Work task ::
Word-for-word transcription: reproduce all of the data, but not the pictures.

Data excerpt ::
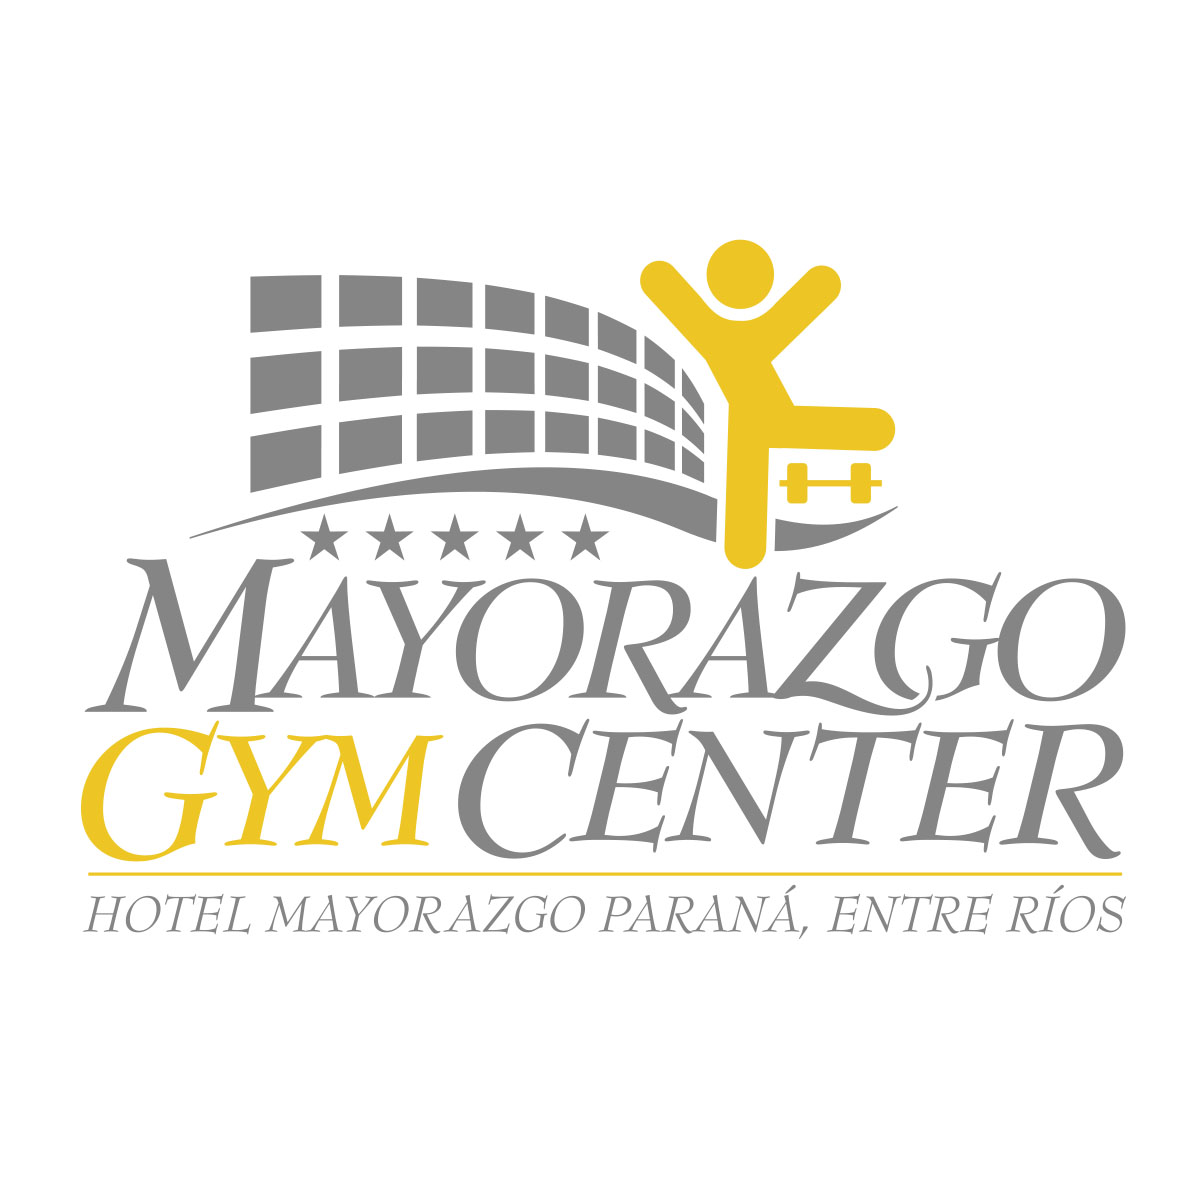 2003 gym center mayorazgo
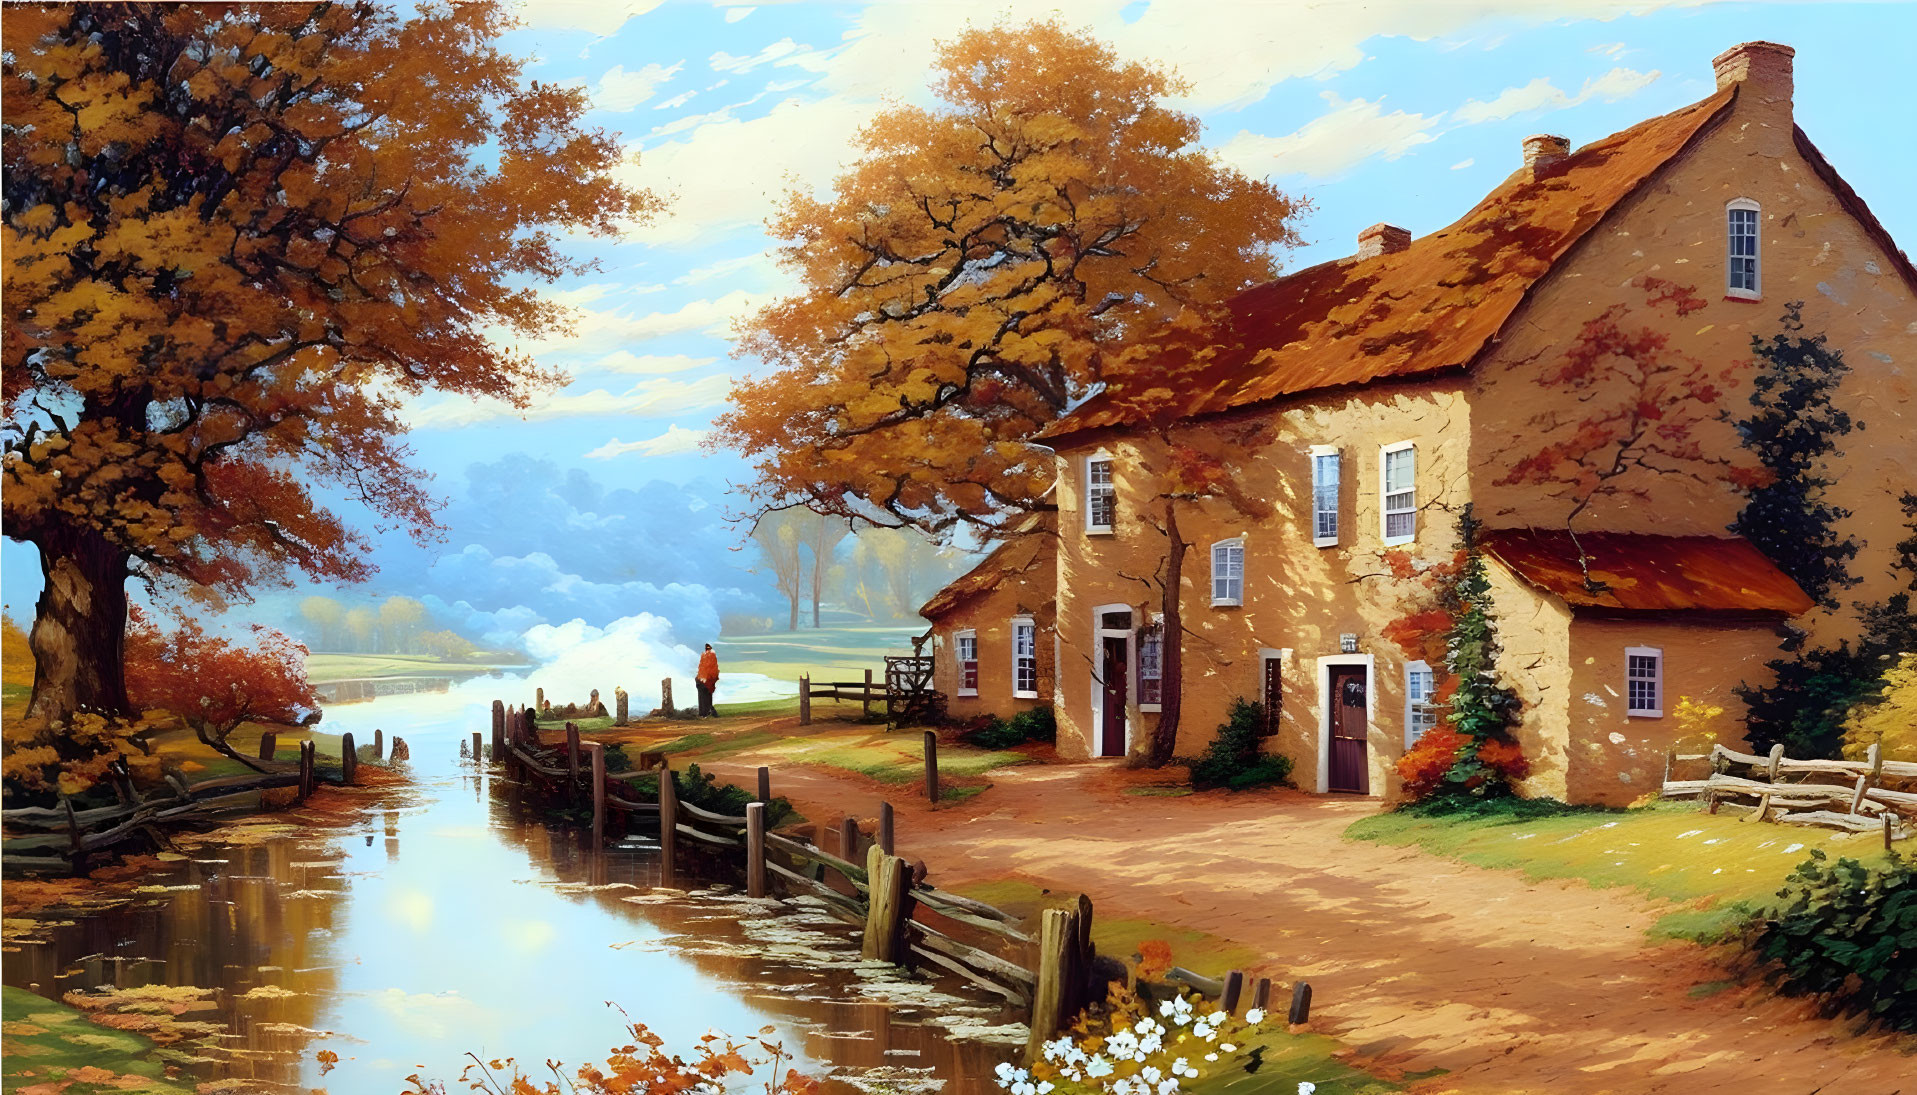 Brick cottage by reflective waterway in autumn landscape
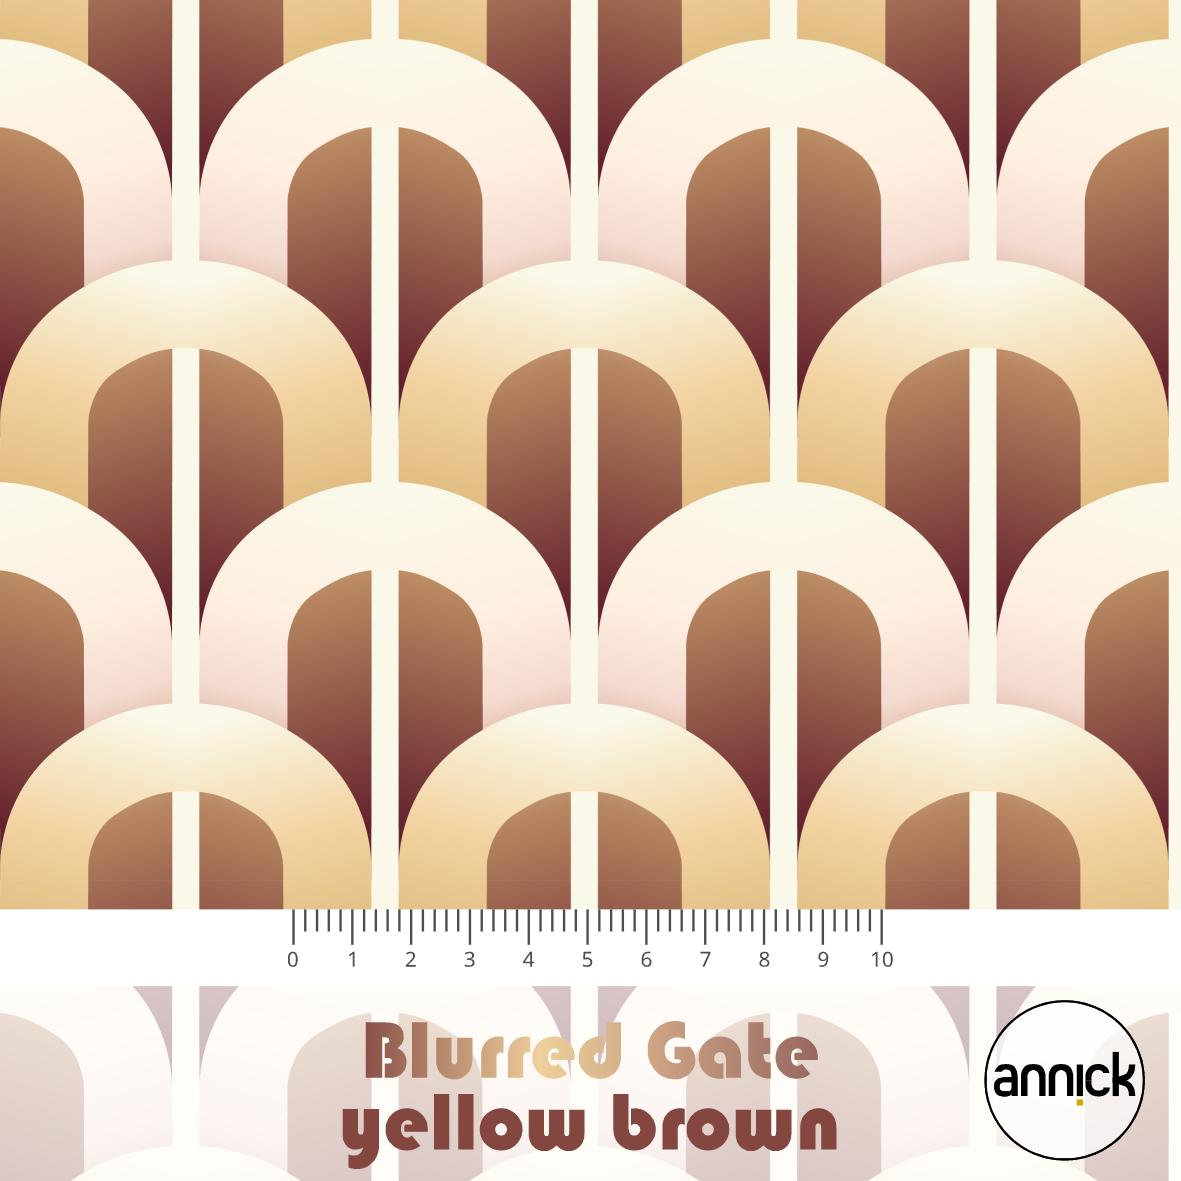 Blurred Gate yellow brown
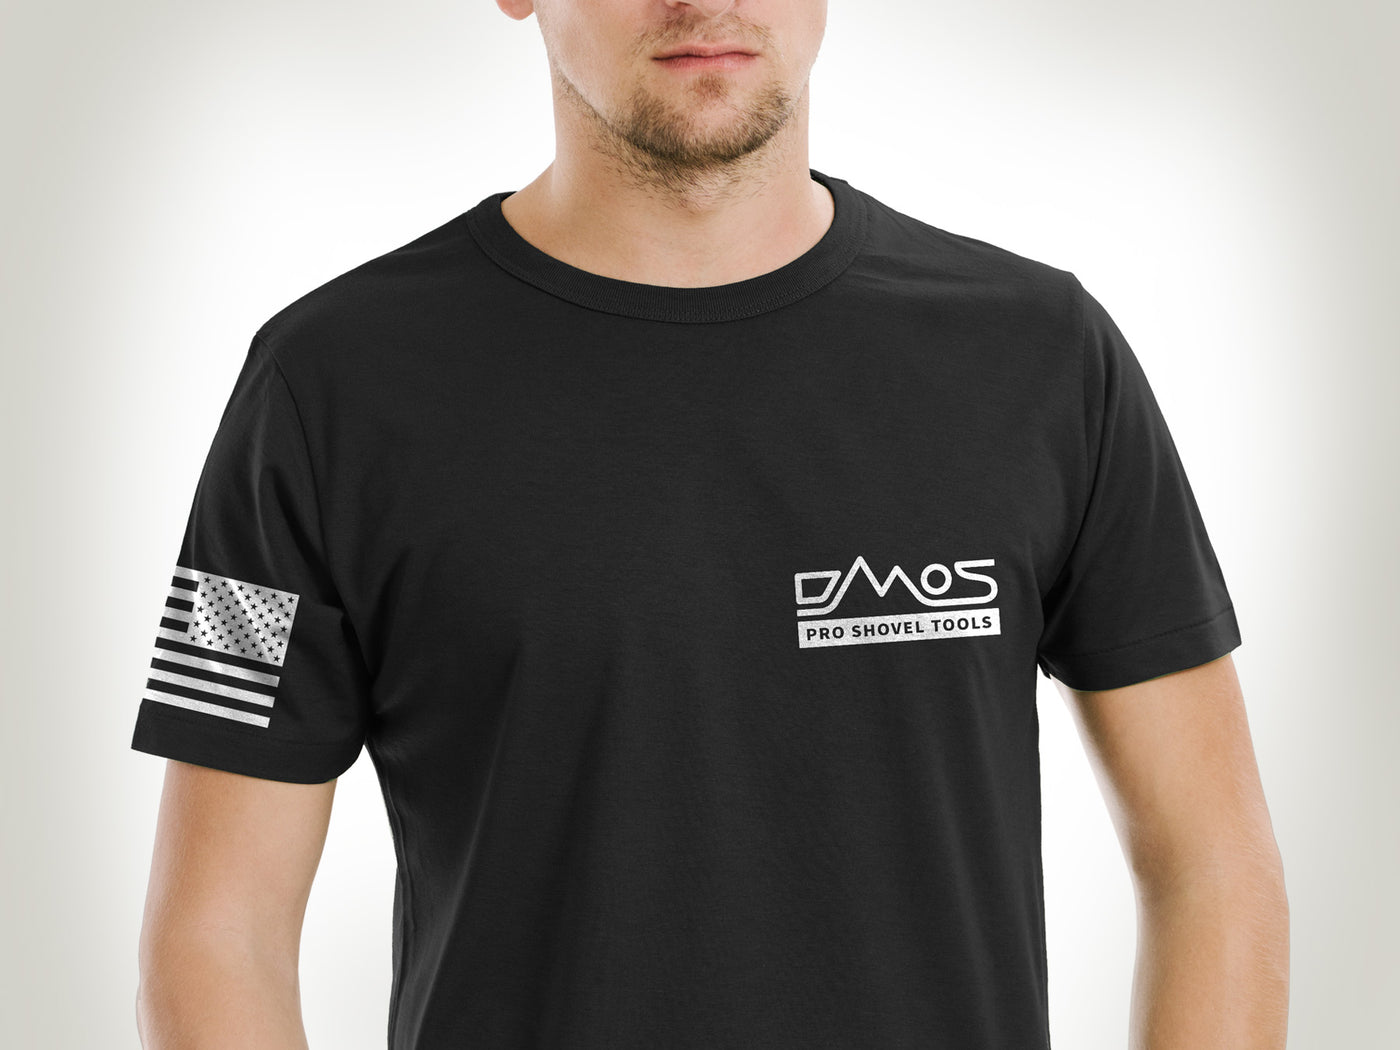 Unisex T-Shirt - DMOS Trapezoid Back with Flag on Sleeve

Exercise solution ::
 2003 gym center mayorazgo
 Brick cottage by reflective waterway in autumn landscape
 Blurred Gate yellow brown
 Unisex T-Shirt - DMOS Trapezoid Back with Flag on Sleeve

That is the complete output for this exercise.